Previously, I wrote about how to survive OpenStack Development so now I’ll write about how I applied that knowledge. The goal of this project was to build infrastructure that would allow an untrusting cloud tenant to verify for themselves the integrity of their VM and the hypervisor it runs on. If you’ve done any work on cyber security you will understand that trust is very valuable these days, so this is a big step in allowing security sensitive entities the ability to make use of cloud computing infrastructure.
Building on that motivation, there’s this idea of Trusted Computing which is a set of technologies developed to make sure that a computer “behaves in an expected way”. For example, if there were a rootkit in the BIOS or kernel we don’t necessarily want to patch it up and carry on; we instead want to recognize that something unexpected happened and remove the system from the ring of trust before it can do any harm. I.e. we want to prevent this machine from accessing any higher level security services.
In order to do this we make use of a piece of hardware known as a TPM which has a set of registers known as PCRs and a hardware bound endorsement key (EK) for signing the PCRs. This configuration allows us to trust that the PCRs are coming from a particular TPM and that they haven’t been tampered with. To make this useful we measure (hash) any critical bit of software before running it and “extend” it into a PCR creating a hash chain. What you end up with is a set of registers that represent all the software that got you into user space. If you have a “white list” of PCR values, you can then immediately detect any anomalies. The caveat here is that this is only as good as your measurement and attestation infrastructure.
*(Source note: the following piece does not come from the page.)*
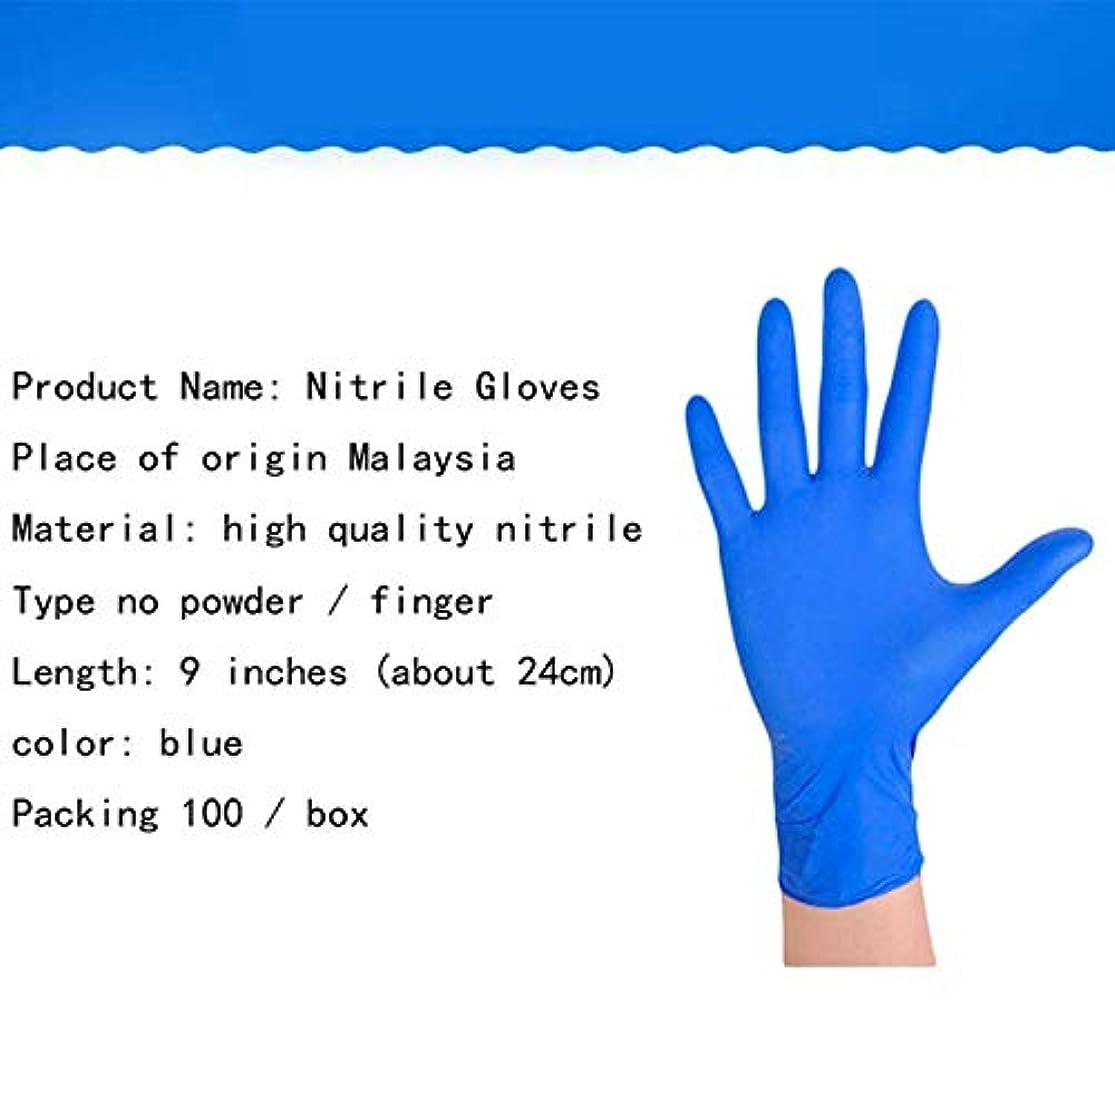 寛解はしご寸前ニトリル手袋、パウダーフリー、ラテックスゴムフリー、使い捨て手袋 - 非滅菌、食品安全、医療用グレード、100 PCSの便利なディスペンサーパック、(追加強度)(S-XL) (Size : S)

What we did extend the measurement infrastructure beyond the physical hardware and into VMs. What’s tricky is that you can no longer rely on a single physical TPM when you have multiple operating systems trying to measure things concurrently. To get around this hypervisors have implemented Virtual TPMs (VTPMs) which both provides a unique TPM to each VM and exposes the the physical TPM’s PCR values. That way, a tenant running in the VM’s user space can first attest the integrity of their hypervisor with the physical TPM and then extend that root of trust up to their OS with the VTPM. Currently, this is a fairly cumbersome process so we seek to automate all of this by allowing OpenStack to provision VTPM resources and integrating it with attestation infrastructure (Keylime) developed by this project’s mentor.
The diagram above illustrates our stack which consists of Xen, OpenStack, and Keylime. In Xen, you have domain0 which you can think of as the “root” user for the hypervisor. It exposes hypervisor management through a native library known as LibXL. In order to support multiple virtualization layers, OpenStack uses LibVirt as a common abstraction layer. What’s missing is support for VTPMs in everything above the LibXL layer.
Starting with the LibVirt layer, we needed a way to define our intent to spawn a VTPM so I wrote a specification for a new device in the domain configuration file. This was a matter of parsing parameters out of the XML file and into internal data structures. On the other end I then translated those internal configuration structures into the native Xen structures to spawn the VM. Overall, it was a very straightforward patch to carry out and my hope is to get it pushed upstream at some point.
The tricky bit was dealing with the OpenStack layer and its immensity. On top of spawning the VM it also had to provision the VTPM resources beforehand. As far as Xen was concerned, you needed a UUID from the VTPMMGR and a small backing image to create a VTPM. To get the UUID, we needed to expose a rest API on the Keylime VM which acted as a proxy to the VTPMMGR. This was necessary because Domain0’s kernel yields the physical TPM to the hypervisor by removing support for TPMs entirely. For the image, we simply had Nova create a file out of /dev/zero. Putting this all together, Nova provisions these resources and generates an XML file for the VTPM which goes into the patched LibVirt. After that, we generate the last XML file for the VM that connects it to the VTPM.
I learned a lot from this project and in some ways it may have changed my career trajectory. For one, I realize that I still love building backendy infrastructure type things. Unexpectedly, I also developed more of an appreciation for FOSS and its community. I’m now much more comfortable diving into these projects, reaching out for help, and contributing patches then I ever was before. Bugs that I would quietly complain to myself about before are now submitted as bug reports and I’d make an honest effort to patch myself. Most importantly though, this project and the class that came with it opened my eyes to the exciting work going on in cloud computing. While I missed being on the ground floor of this work, I believe were on the cusp of a Cambrian explosion of sorts in this field.